» DATA SHOWN

====================

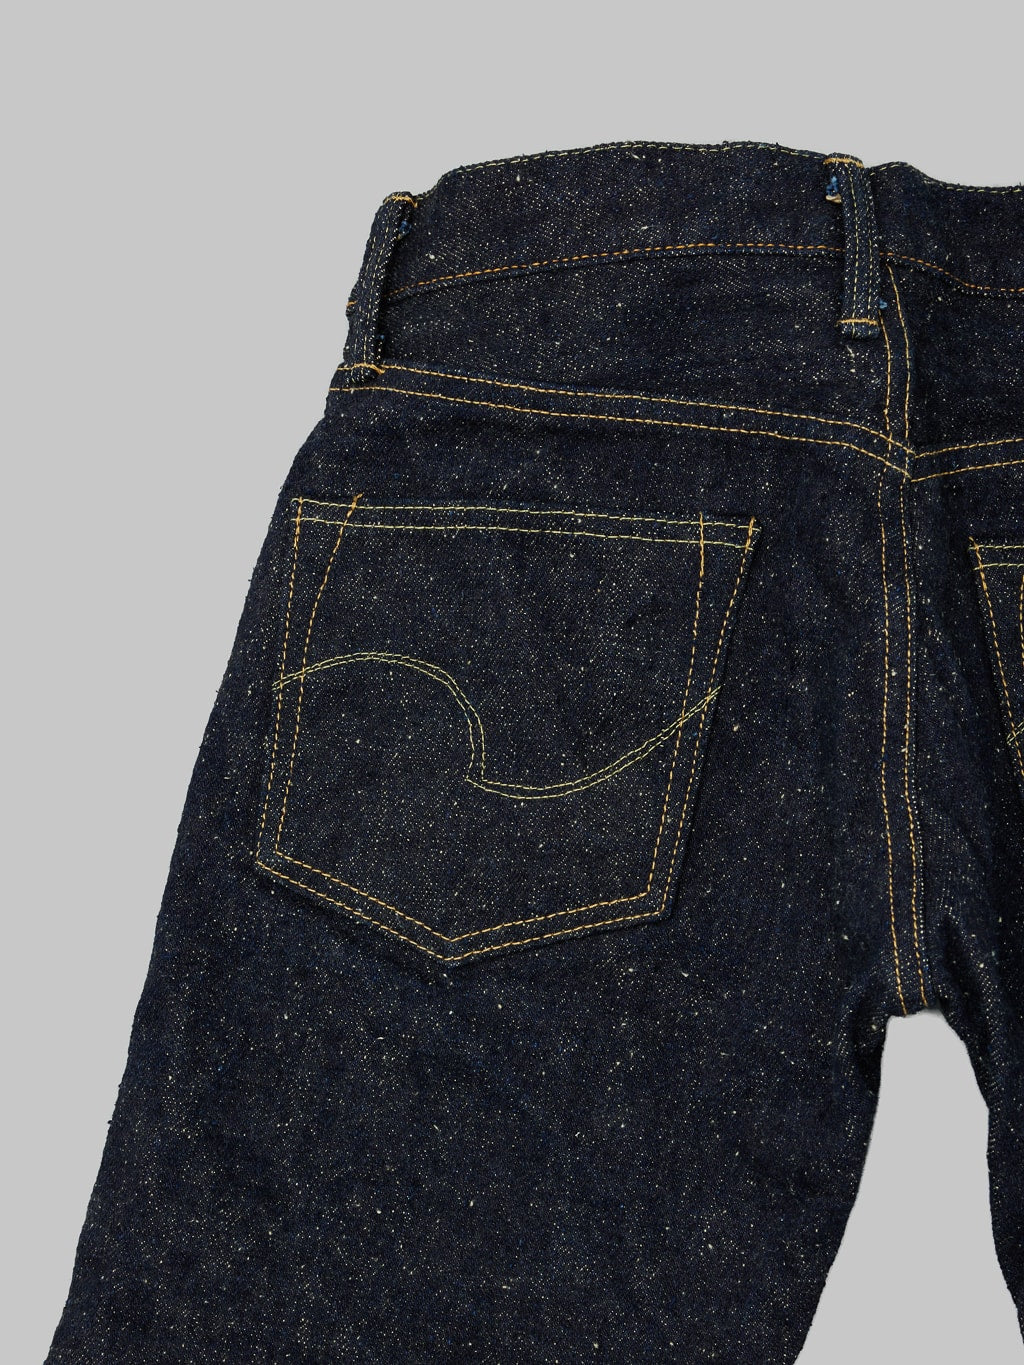 ONI Denim 544 Asphalt 20oz Stylish Tapered Jeans  back pocket details
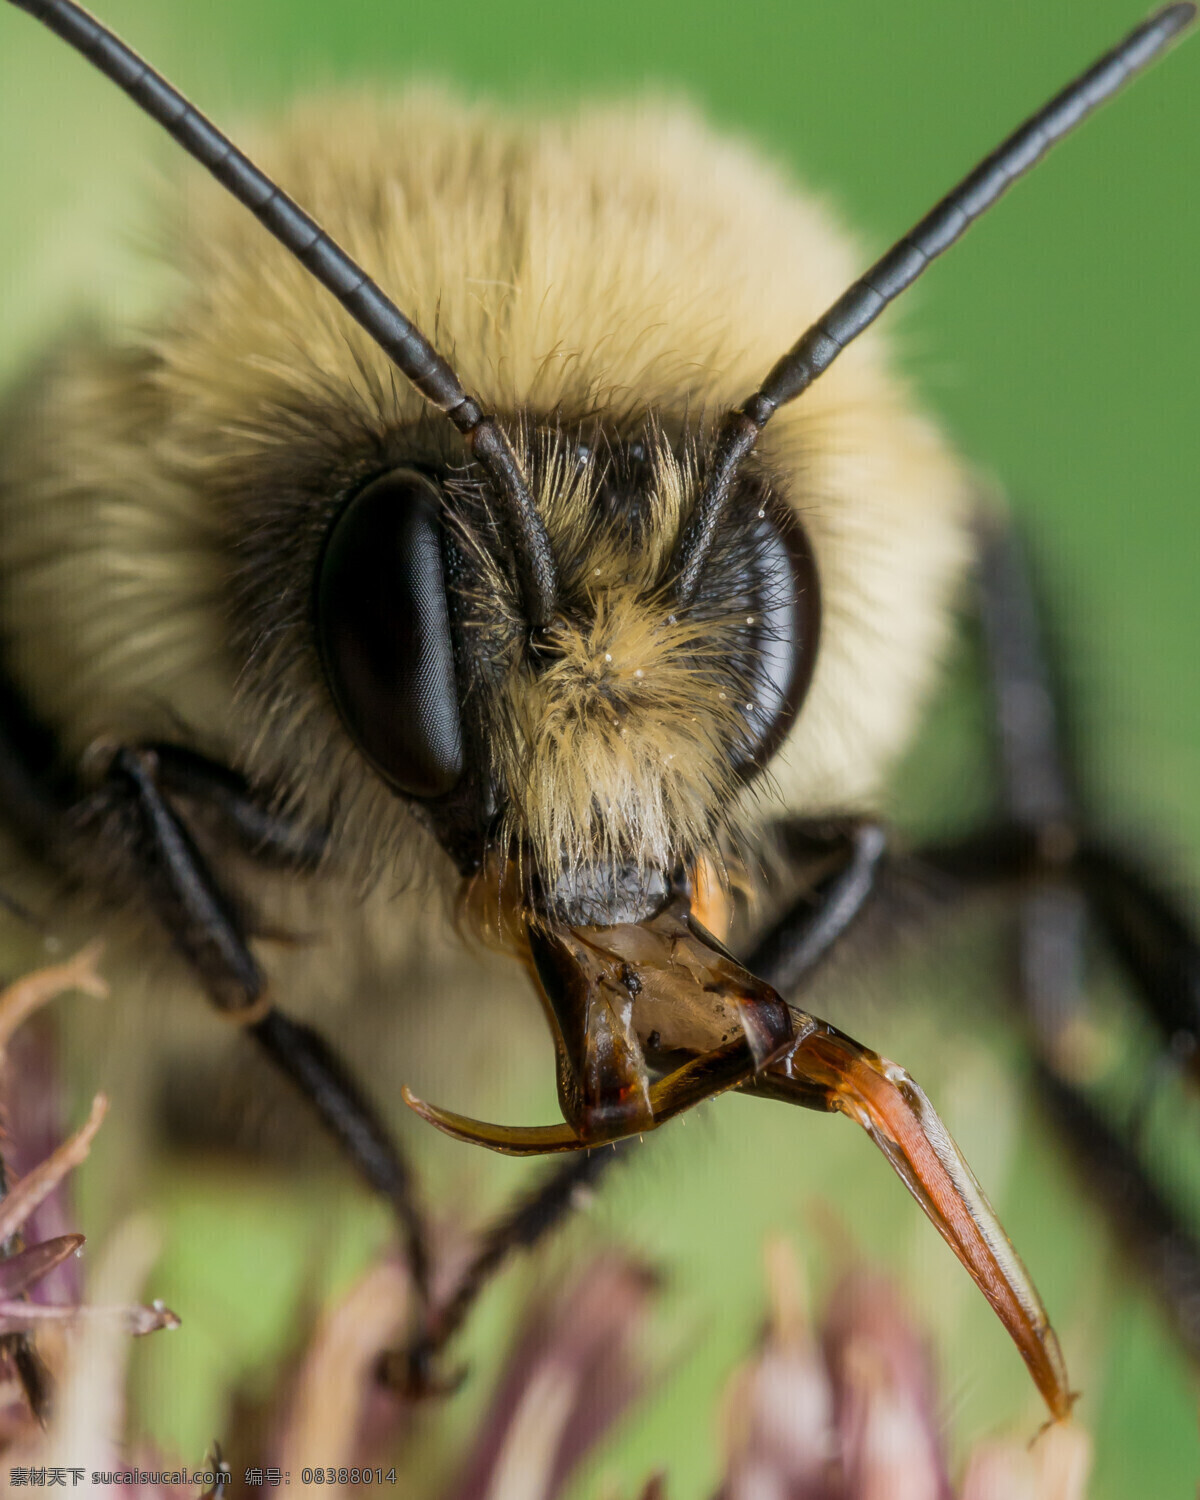 蜂巢 蜂群 蜂蜜 采蜜 小蜜蜂 动物 生物世界 昆虫
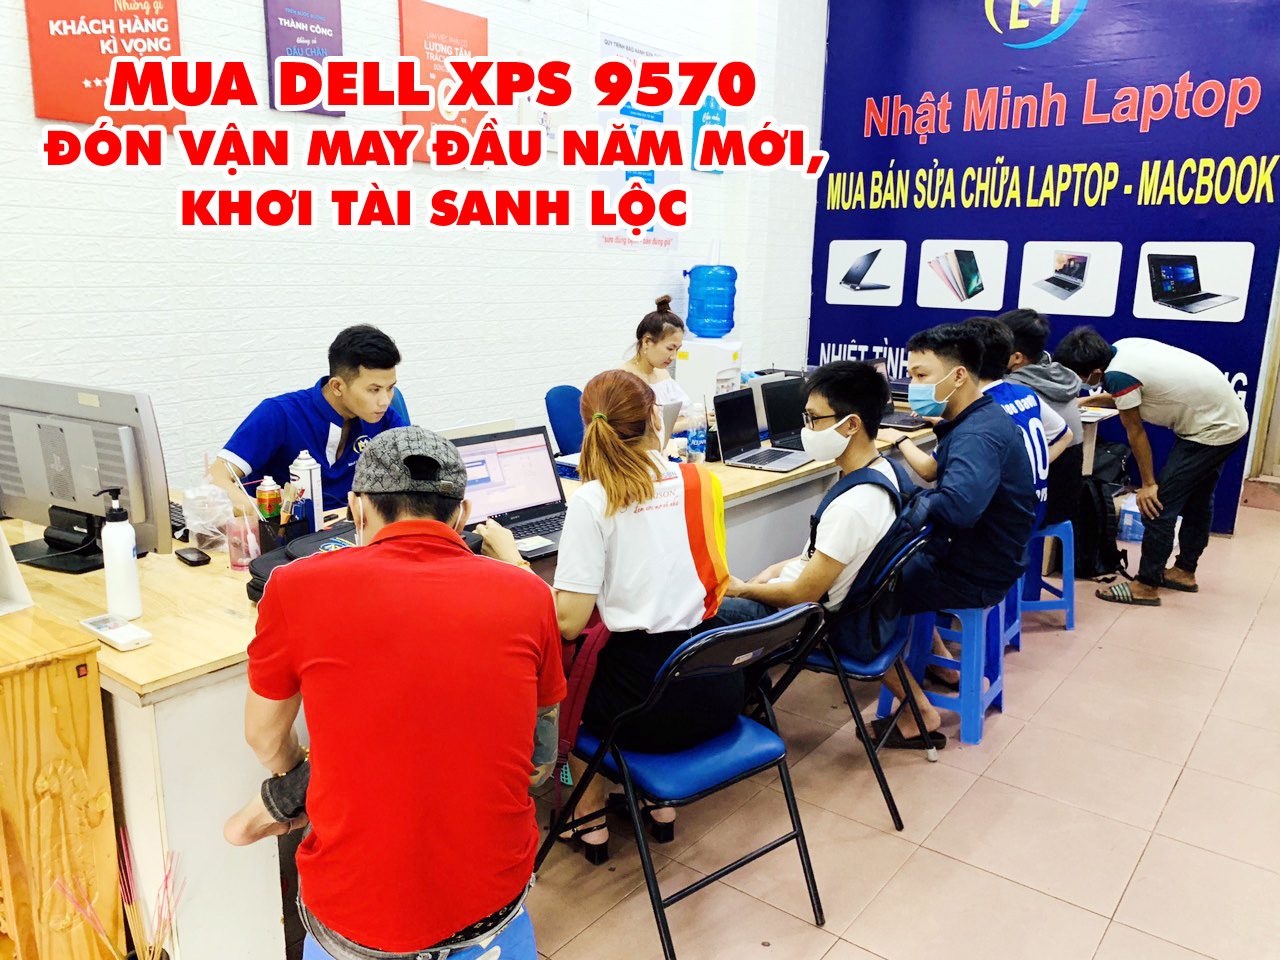 Lam giàu từ Dell XPS 9570
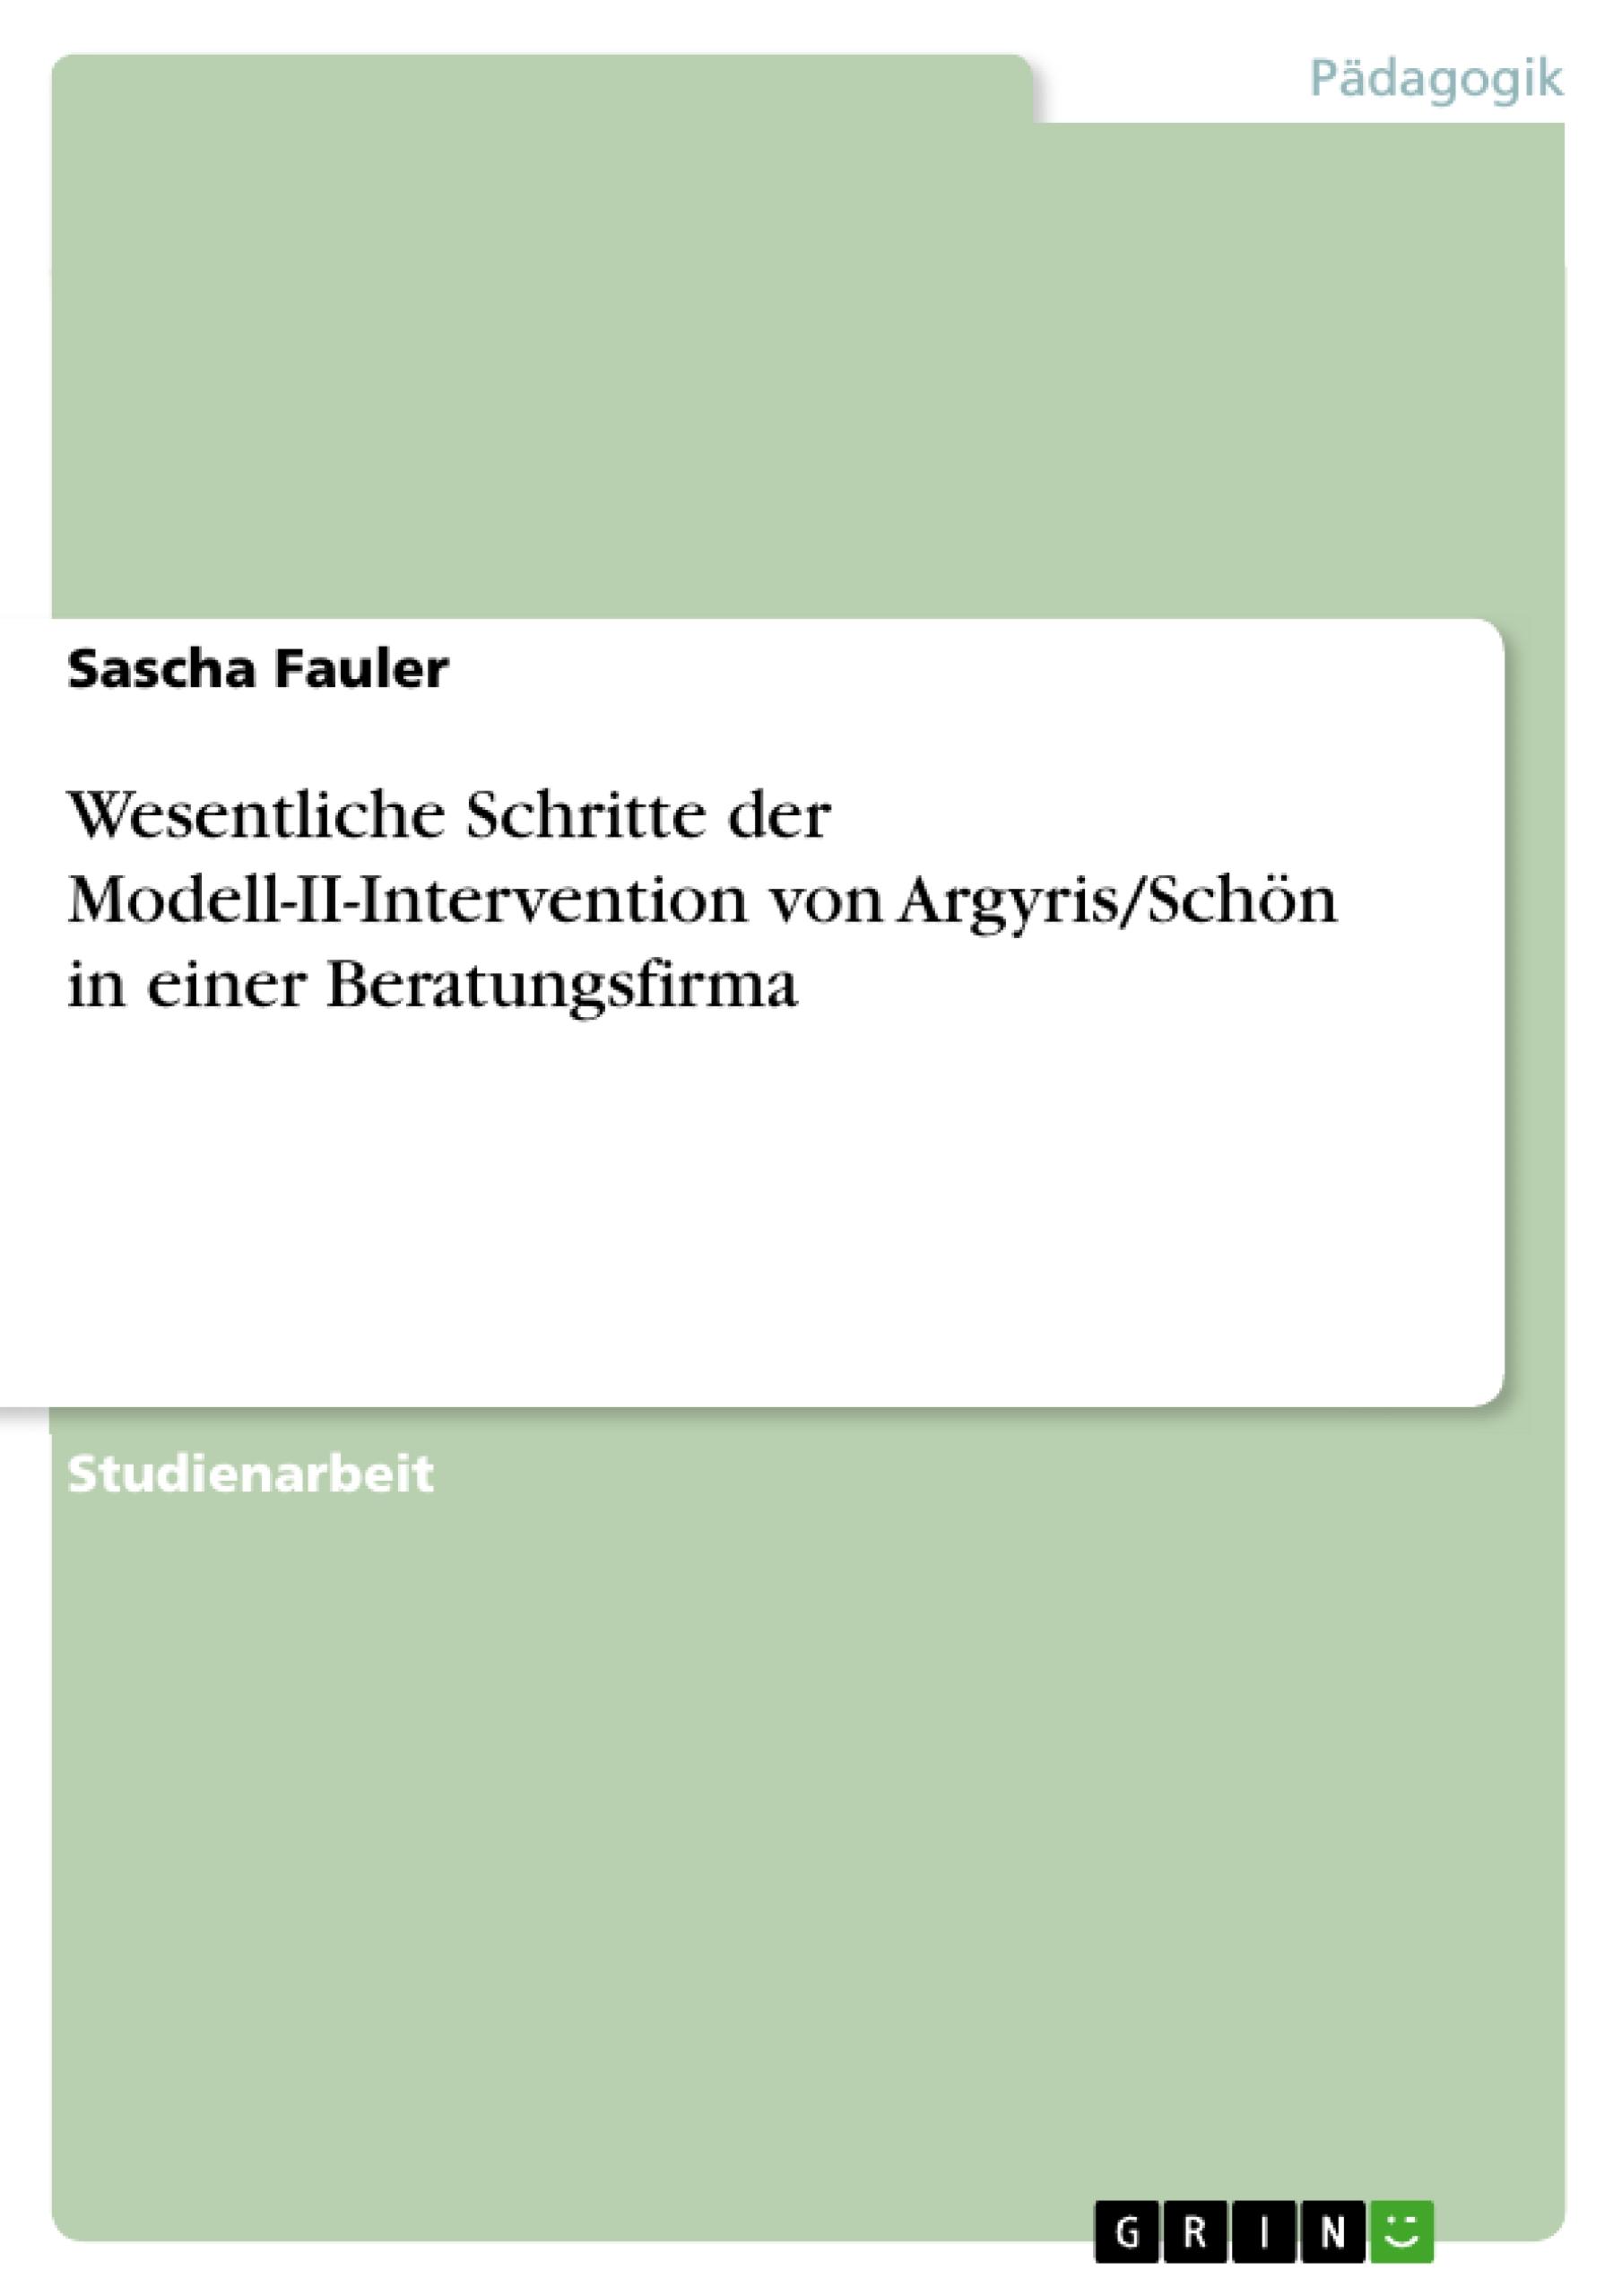 Wesentliche Schritte der Modell-II-Intervention von Argyris/Schön in einer Beratungsfirma  Sascha Fauler  Taschenbuch  Paperback  Deutsch  2010 - Fauler, Sascha

====================

» EXERCISE GOAL
When you copy the data, keep every line exact and drop the pictures.

» RESPONSE TO THIS EXERCISE
 ONI Denim 544 Asphalt 20oz Stylish Tapered Jeans  back pocket details
 蜂巢 蜂群 蜂蜜 采蜜 小蜜蜂 动物 生物世界 昆虫
 Lam giàu từ Dell XPS 9570
 Wesentliche Schritte der Modell-II-Intervention von Argyris/Schön in einer Beratungsfirma  Sascha Fauler  Taschenbuch  Paperback  Deutsch  2010 - Fauler, Sascha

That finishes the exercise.